As part of the PepsiCo Positive (pep+) agenda, PepsiCo is committed to reducing the use of virgin plastic and enhancing the recyclability and compostability of its packaging. The beverage industry faces unique challenges as its packaging needs to be both durable and functional while meeting environmental goals. Fiber-based packaging presents a promising alternative to traditional fossil-based plastics, but it requires effective barrier coatings to ensure product protection.

For beverage bottles, the sprayed inner coating must provide high barrier performance while maintaining recyclability through fiber regeneration (fiber recovery rate >85%).

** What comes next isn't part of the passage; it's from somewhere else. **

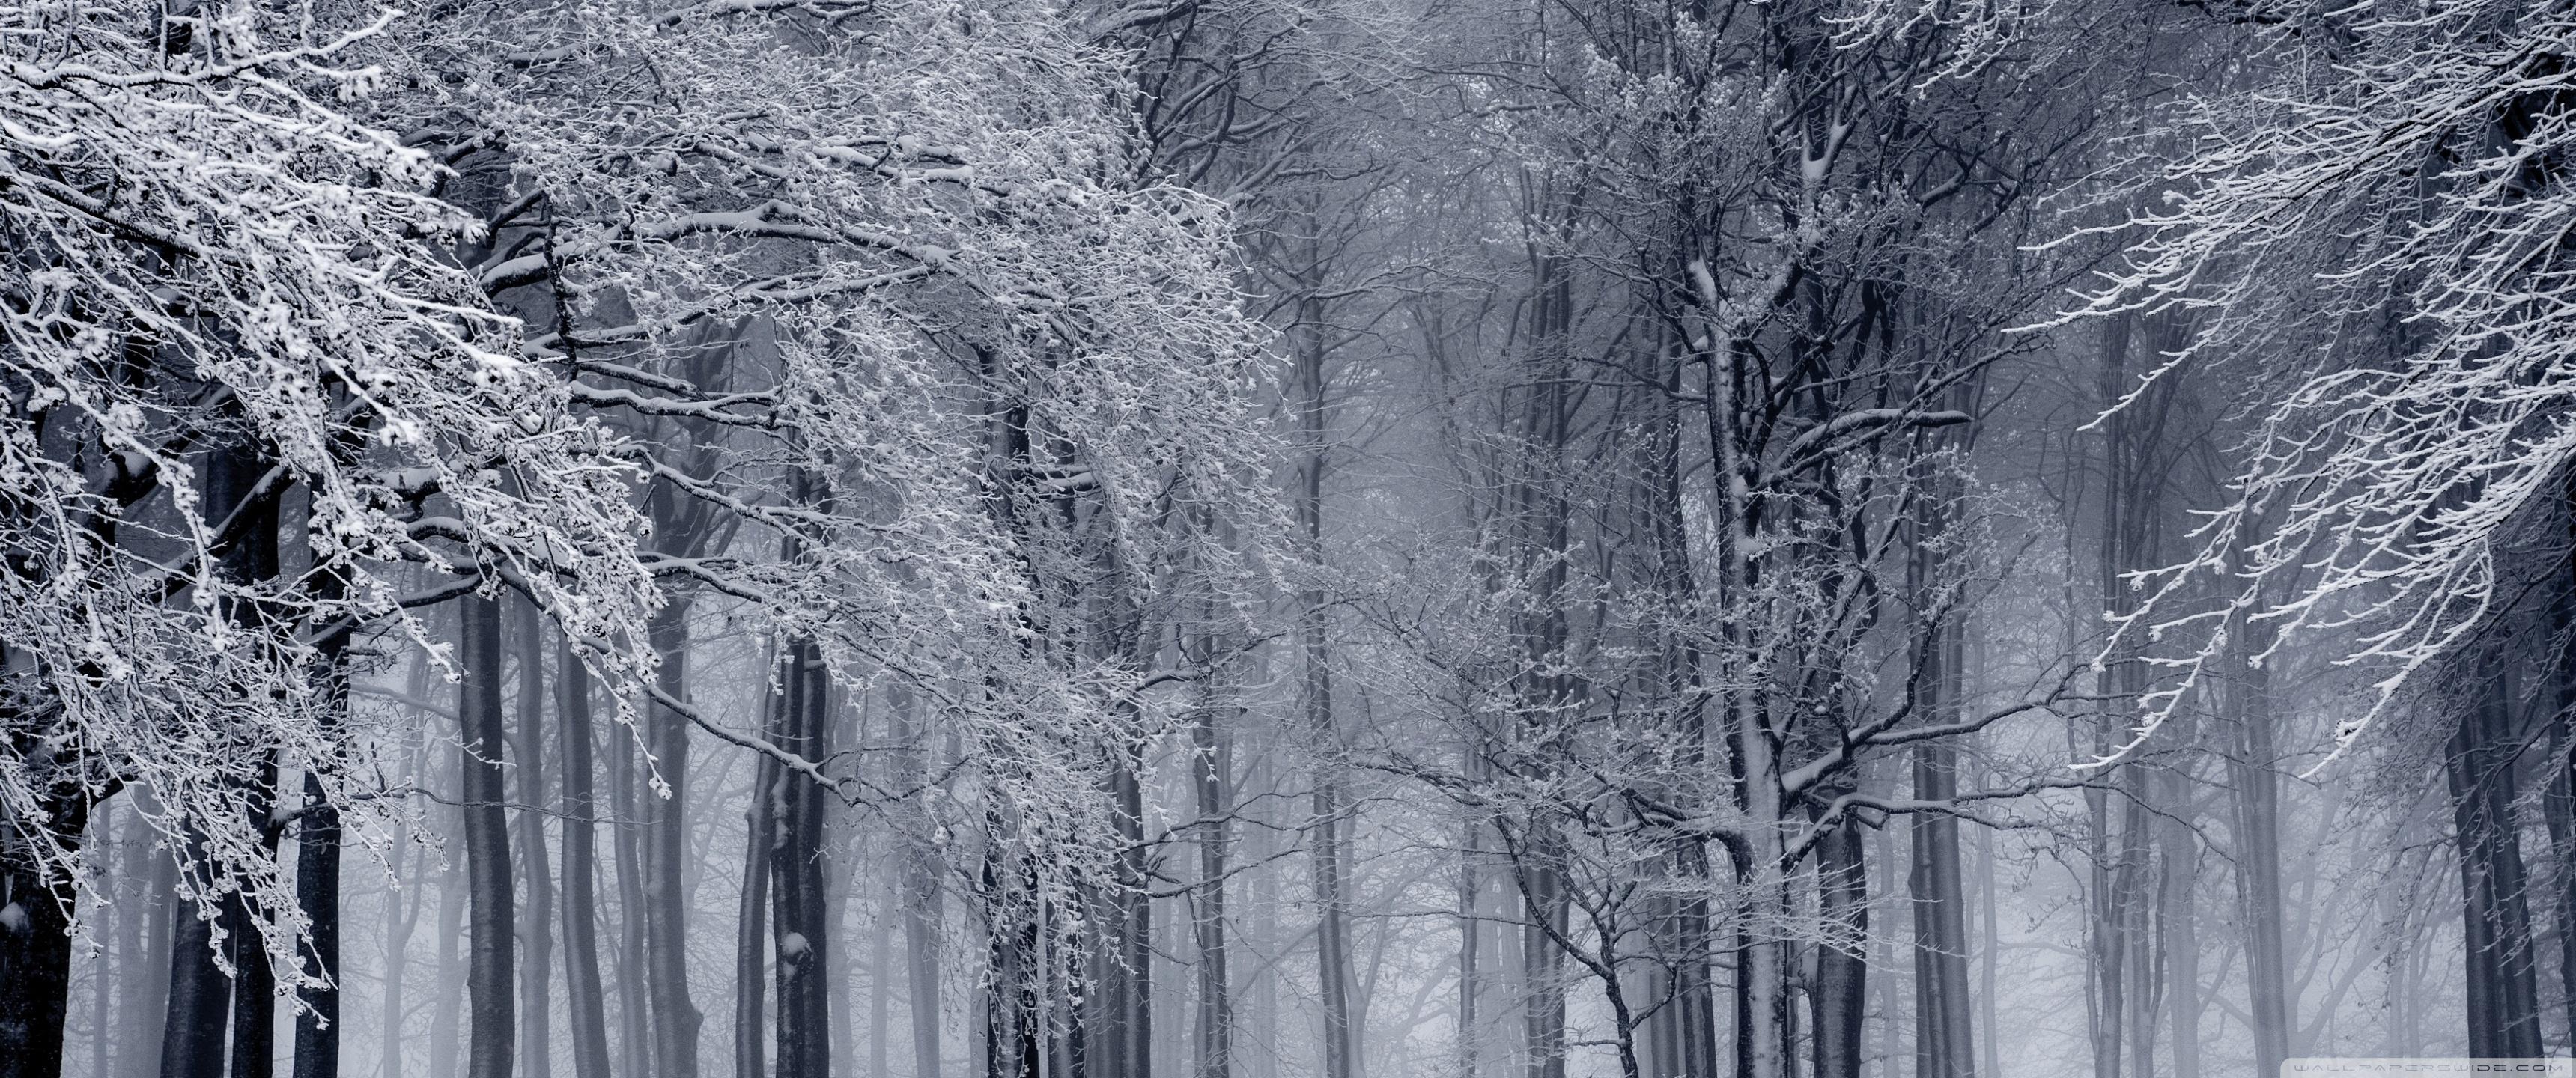 Winter 4k Ultrawide Wallpapers

Current coating technologies have limitations in simultaneously meeting these performance and sustainability goals, necessitating the exploration of biodegradable polymer resins such as PHA (polyhydroxyalkanoates) and similar materials. PepsiCo hopes to find solutions to develop fully recyclable fiber-based beverage packaging using biodegradable polymer resins, ultimately driving towards a more circular packaging economy vision.

Key Success Criteria

Necessary Conditions

The spraying process compatible with standard nozzle sizes

Water vapor transmission rate (WVTR) ≤ 0.31 g/m²/day (23°C, 50% RH); moisture loss <1% within 6 months.

Oxygen Transmission Rate (OTR) ≤ 2.0 cc/m²/day (23°C, 50% RH)

Derived from renewable resources and biodegradable.

Fiber recovery and recycling requirements in compliance with the "Voluntary Standard for the Reconditioning and Recycling of Corrugated Fiberboard and Paper-based Packaging" (FBA/AF&PA)

Technology Readiness Level (TRL): 5-9

Feasible Plan

Sprayable barrier coatings based on PHA

Biodegradable nanocomposite coating

Biodegradable resin system

Sprayable aliphatic polyester coatings, such as polybutylene succinate (PBS) and poly(butylene adipate-co-terephthalate) (PBAT) blends.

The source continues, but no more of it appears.